They were in the YARN logs instead. No exception, just a WARN level
message, which made it a bit more difficult to find.

On Mon, Nov 21, 2016 at 5:27 PM, Ashwin Chandra Putta <
[email protected]> wrote:

> Cool. I did not see these errors in the AM logs, were these in the node
> manager logs?
>
> Regards,
> Ashwin.
>
> On Mon, Nov 21, 2016 at 4:20 AM, Max Bridgewater <
> [email protected]> wrote:
>
>> The issue turned out to be memory allocation. Here is the relevant YARN
>> error message:
>>
>> 2016-11-21 11:44:30,020 INFO org.apache.hadoop.yarn.server.
>> nodemanager.containermanager.container.ContainerImpl: Container
>> container_1479728463466_0001_02_000001 transitioned from LOCALIZED to
>> RUNNING
>> 2016-11-21 11:44:31,858 INFO org.apache.hadoop.yarn.server.
>> nodemanager.containermanager.monitor.ContainersMonitorImpl: Starting
>> resource-monitoring for container_1479728463466_0001_02_000001
>> 2016-11-21 11:44:31,858 INFO org.apache.hadoop.yarn.server.
>> nodemanager.containermanager.monitor.ContainersMonitorImpl: Stopping
>> resource-monitoring for container_1479728463466_0001_01_000001
>> 2016-11-21 11:44:31,867 INFO org.apache.hadoop.yarn.server.
>> nodemanager.containermanager.monitor.ContainersMonitorImpl: Memory usage
>> of ProcessTree 26632 for container-id container_1479728463466_0001_02_000001:
>> 194.5 MB of 1 GB physical memory used; 2.5 GB of 2.1 GB virtual memory used
>> 2016-11-21 11:44:34,875 INFO org.apache.hadoop.yarn.server.

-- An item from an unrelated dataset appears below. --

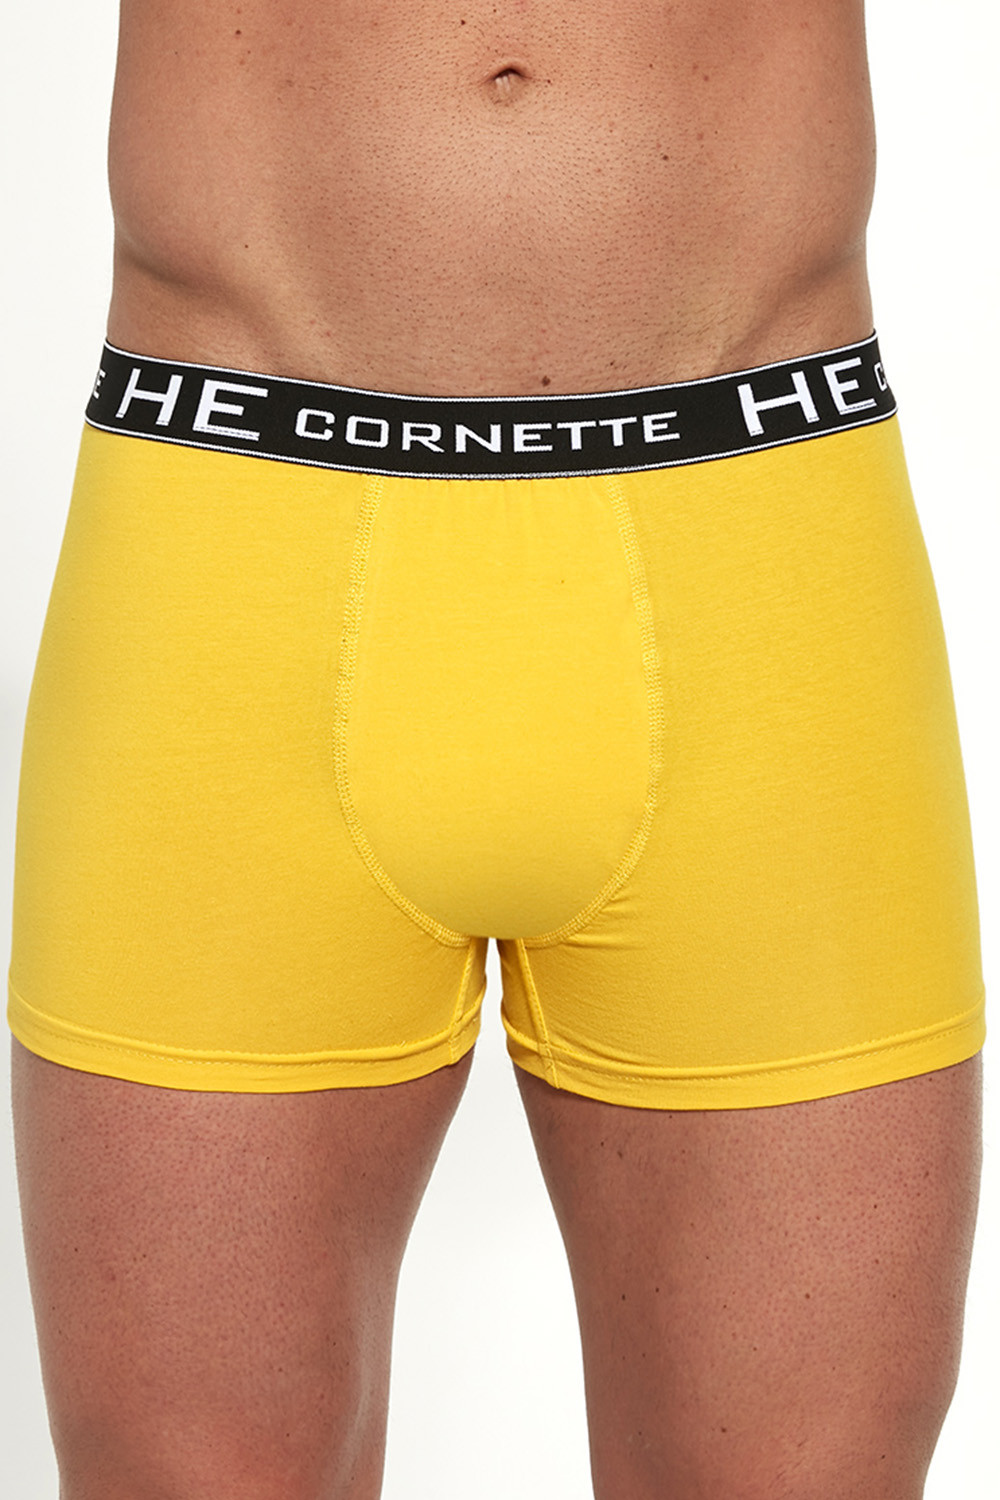 Cornette High Emotion 503 kolor:żółty L

>> nodemanager.containermanager.monitor.ContainersMonitorImpl: Memory usage
>> of ProcessTree 26632 for container-id container_1479728463466_0001_02_000001:
>> 532.4 MB of 1 GB physical memory used; 2.6 GB of 2.1 GB virtual memory used
>> 2016-11-21 11:44:34,876 WARN org.apache.hadoop.yarn.server.
>> nodemanager.containermanager.monitor.ContainersMonitorImpl: Process tree
>> for container: container_1479728463466_0001_02_000001 has processes
>> older than 1 iteration running over the configured limit. Limit=
>> 2254857728, current usage = 2822131712
>> 2016-11-21 11:44:34,876 WARN org.apache.hadoop.yarn.server.
>> nodemanager.containermanager.monitor.ContainersMonitorImpl: Container
>> [pid=26632,containerID=container_1479728463466_0001_02_000001] is
>> running beyond virtual memory limits. Current usage: 532.4 MB of 1 GB
>> physical memory used; 2.6 GB of 2.1 GB virtual memory used. Killing
>> container.
>>
>>
>> I solved it by adding this to yarn-site.xml:
>>
>> <property>
>>         <name>yarn.scheduler.minimum-allocation-mb</name>
>>         <value>1000</value>
>> </property>
>>
>>
>> Thanks,
>> Max.
>>
>>
>>
>>
>> On Sat, Nov 19, 2016 at 10:30 PM, Ashwin Chandra Putta <
>> [email protected]> wrote:
>>
>>> Max,
>>>
>>> The app failure does not depend on the gateway. The gateway is a daemon
>>> to launch Apex apps on YARN and to get metrics for the Apex apps from YARN
>>> and AM for each app, so it won't affect app execution once YARN accepts the
>>> application. For some reason the AM itself is failing. I cannot figure out
>>> the cause from the logs. It is possible that the app packages for these
>>> apps have hadoop dependencies packaged, it is one of the most common causes
>>> for AM failure.
>>>
>>> Regards,
>>> Ashwin.
>>>
>>> On Sat, Nov 19, 2016 at 3:08 PM, Max Bridgewater <
>>> [email protected]> wrote:
>>>
>>>> Please find the AppMaster.stderr attached as well as dt.log.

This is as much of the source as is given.